この三が日はとことん寝正月で、食う寝る以外の人間活動は休止していたため、仕事始めの今日が実質的に年の初めの日である。

古来日本では、年の初めには穏やかに新年をお迎えするために、あまり好ましくない言葉を用いるのを避けて、正月用の特殊な言い回しをすることがあった。これを忌み言葉といい、たとえば降雪や降雨のことを「御降(おさがり)」と言ったり、家に現れるネズミのことを「嫁が君」と言ったりしたのである。
 
実に奥ゆかしい風習だと言えよう。
私もこうした年の初めの習わしにあやかり、穏やかに一年を始めたいと思っていたものである。
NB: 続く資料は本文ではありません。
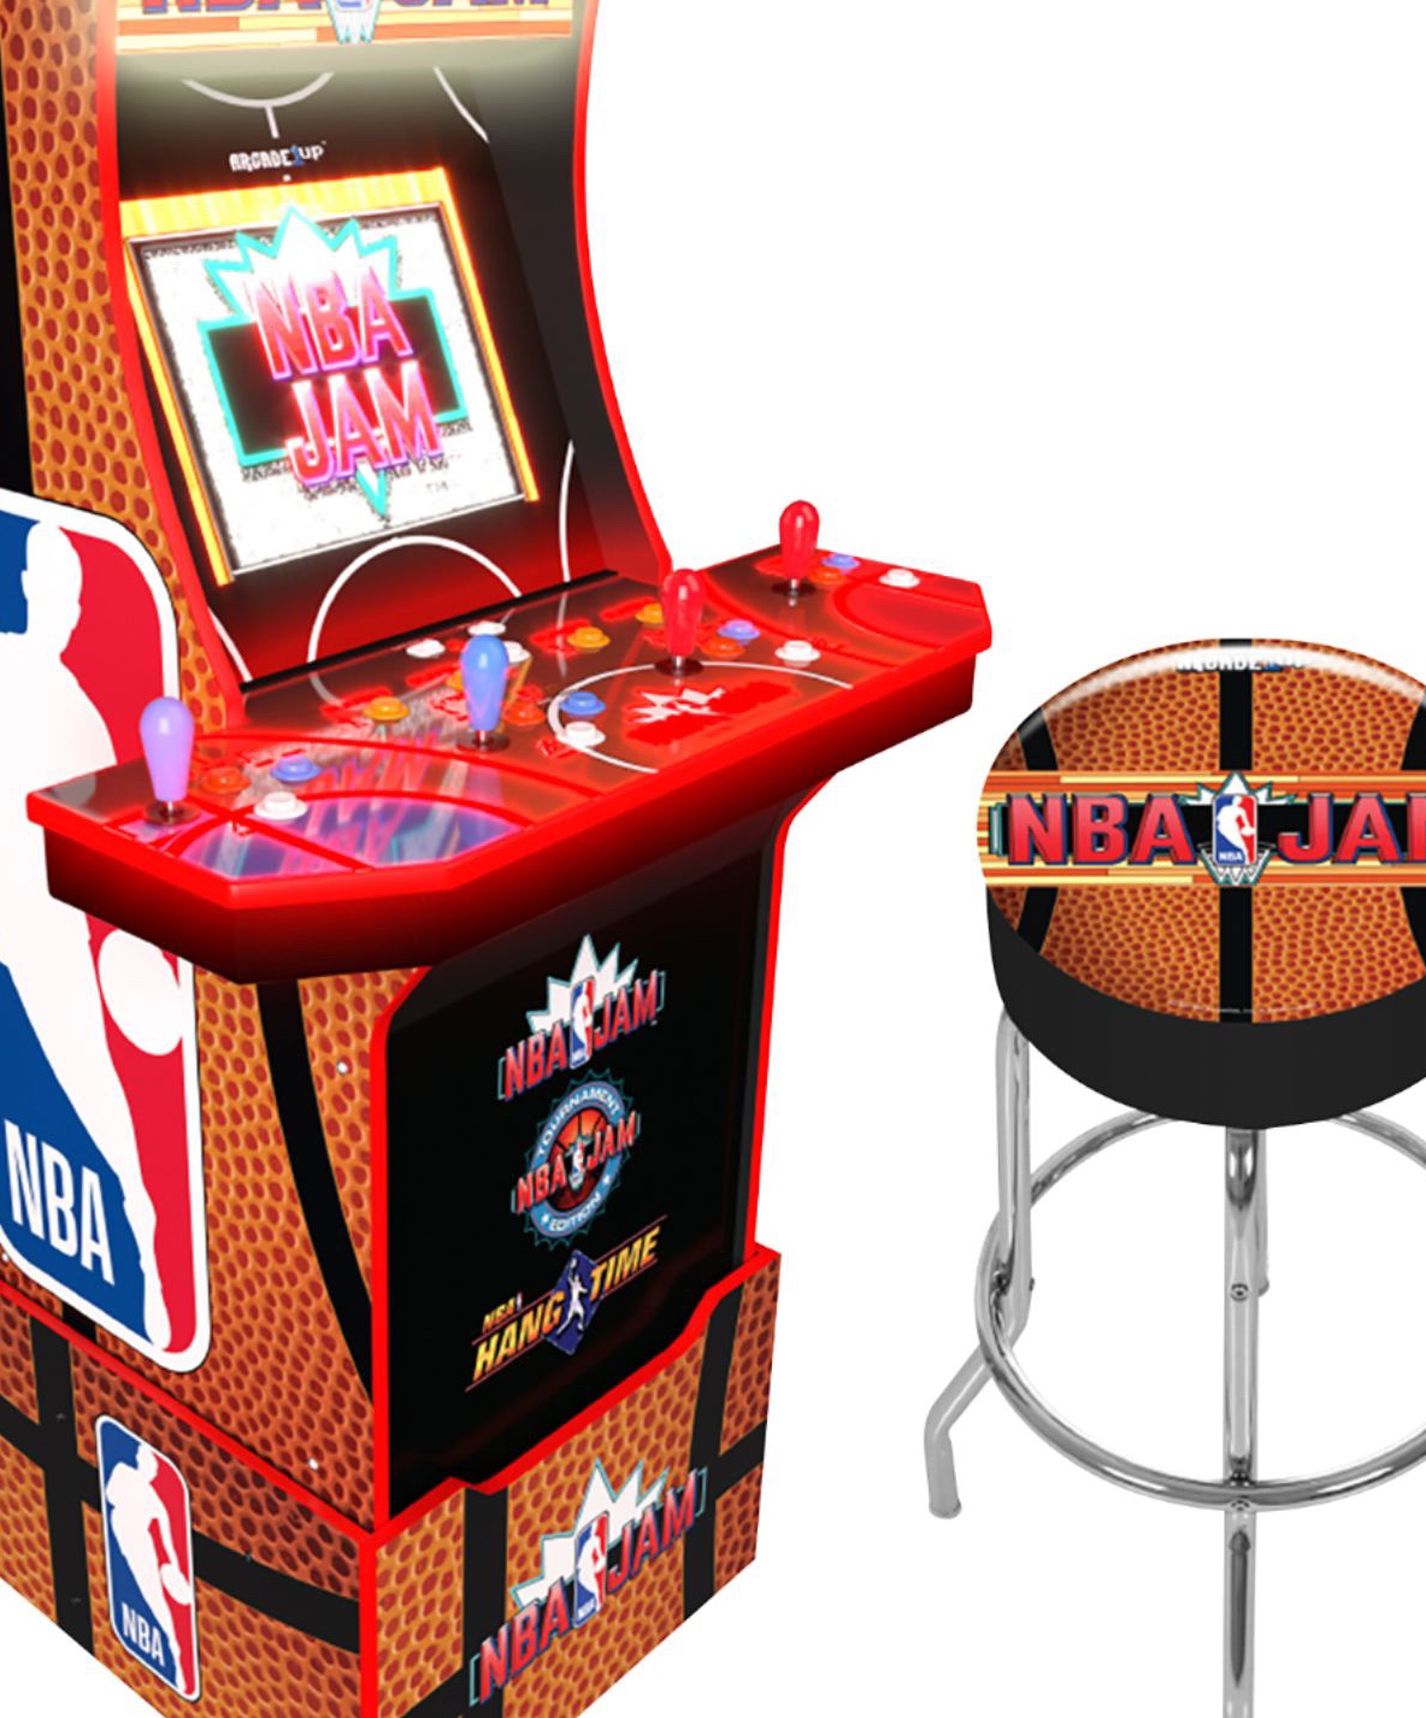 NBA jam Arcade

が、いかんせん、大日本下品党のサガゆえか、仕事始めの今日からブリブリ怒ってアドレナリンを大量分泌するわ、食い過ぎて弱っていた胃に変調を来すわ、同僚にはドン引きされるわで、まあ私のいつも通りの年初となった次第である。
 
頭に血が上り、肩を怒らせ、眉間の筋トレをしながら通りに出ると、相変わらず東京の路上は埃っぽく空気がよどみ、道行く男も女も不機嫌そうな顔をして歩いているのを見て、私もまたしばらくは気分が安定しないままあることが予想された。ところがふと、そこで若いカップルとすれ違ったのだが、彼らがまるで何の屈託も不満も知らないかのように生き生きとにこやかな笑みを浮かべているのを見ると、瞬時に私の憤りも面倒な気分もどうでもいいことのように思われてきた。
 
生き生きとした明るい表情というのはいいものだ。これは若い恋人たちの特権という訳ではないはずだ。誰にだってできるはずなのに、なんと世の中の多くの人は年中不景気な辛気くさい顔をして歩いていることか。

今年の行動目標の一つには、ぜひ生気に満ちた明るい表情を心がけることをお勧めしたい。理由なんてない。実行には面倒くさがりや怠惰を振り払う小さな努力もいるかもしれない。だが実行できればきっと、ご利益はあるに違いないと思うのだが、どうだろう。